# Inner Peace - Ksanti



## spnadmin (Aug 27, 2008)

The search for inner peace -- so much a part of our spiritual practice. Is it elusive -- always one step ahead of us, so close, and then suddenly the world interrupts so rudely and inner peace now seems so far away? 

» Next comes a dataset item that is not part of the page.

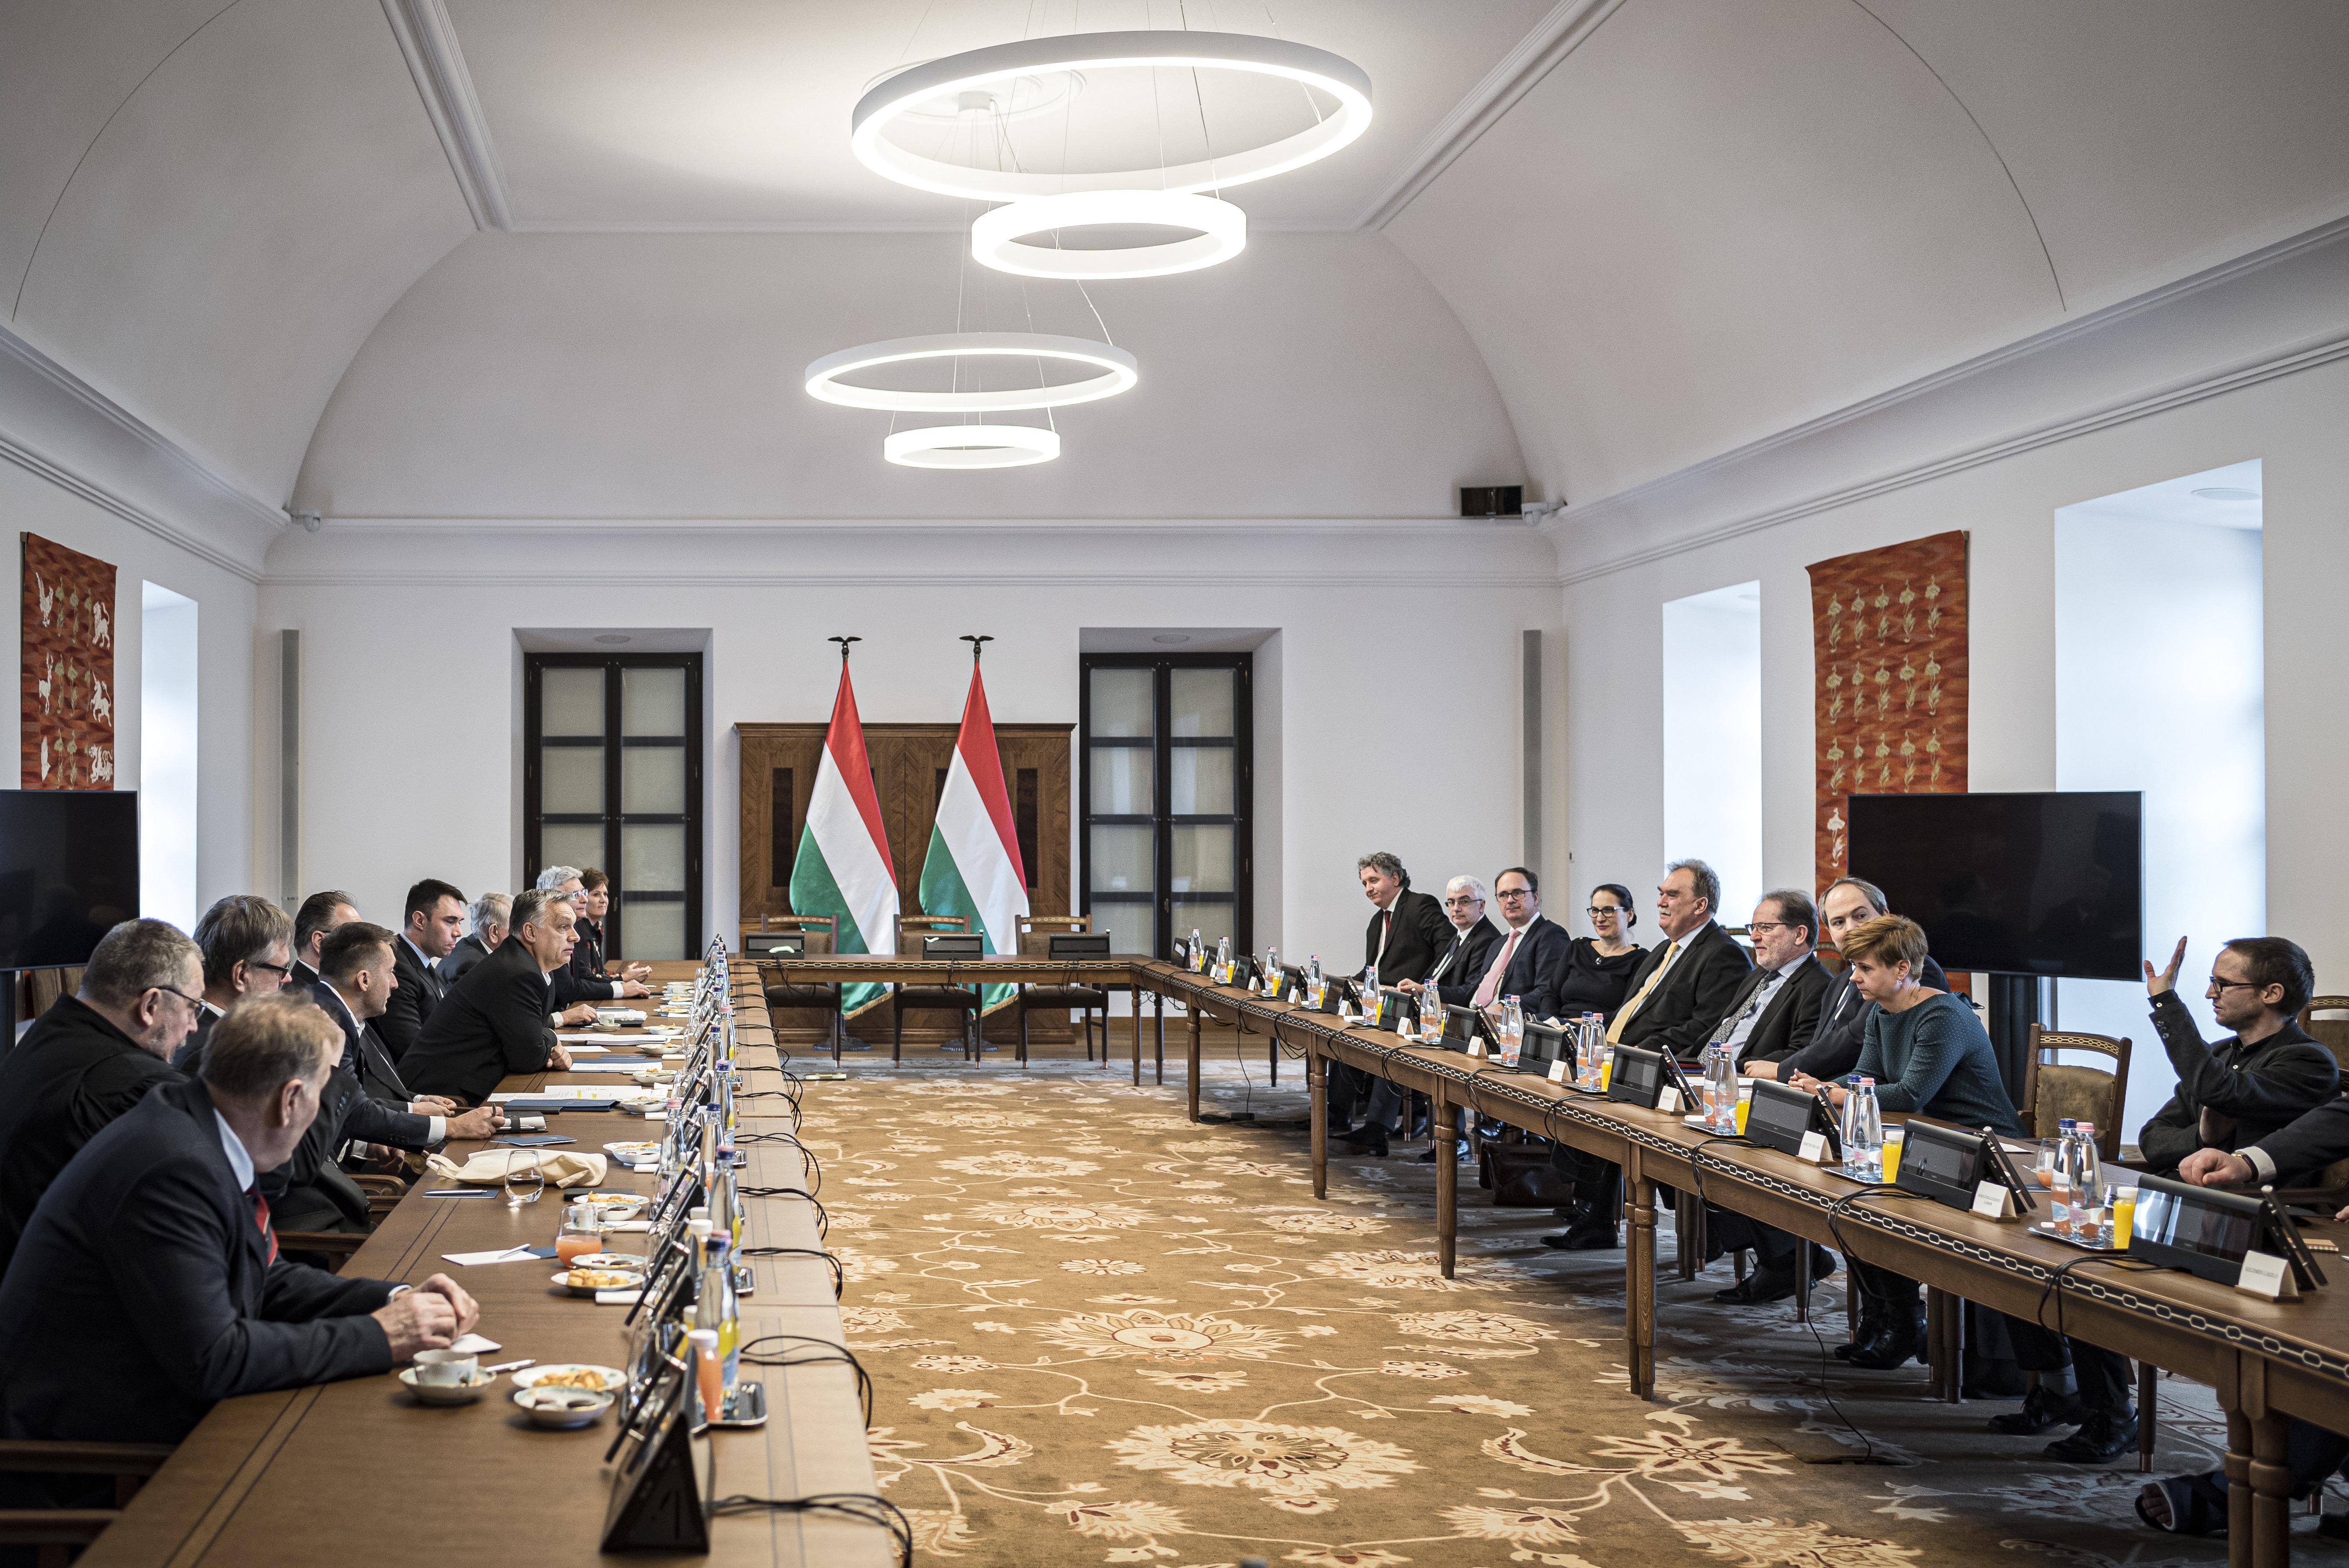 Orbán meghívására a várban megalapították a Nemzeti Kulturális Tanácsot

A respected forum member wrote this  message under an album picture in Birds of Gurbani - Shanti, Shanti, Shanti. Many thanks to that forum member. I was intrigued and have set off on a journey to learn and share. Shanti as I knew her in my limited way is a goddess from the Hindu tradition. And she did not seem to have the same glamour or attractiveness of Shakti. Do we not know of the many schools of yoga that seek to raise the creative, generative energy of Shakti, Kundalini energy? So many sources extolling Skahti. So little said about Shanti.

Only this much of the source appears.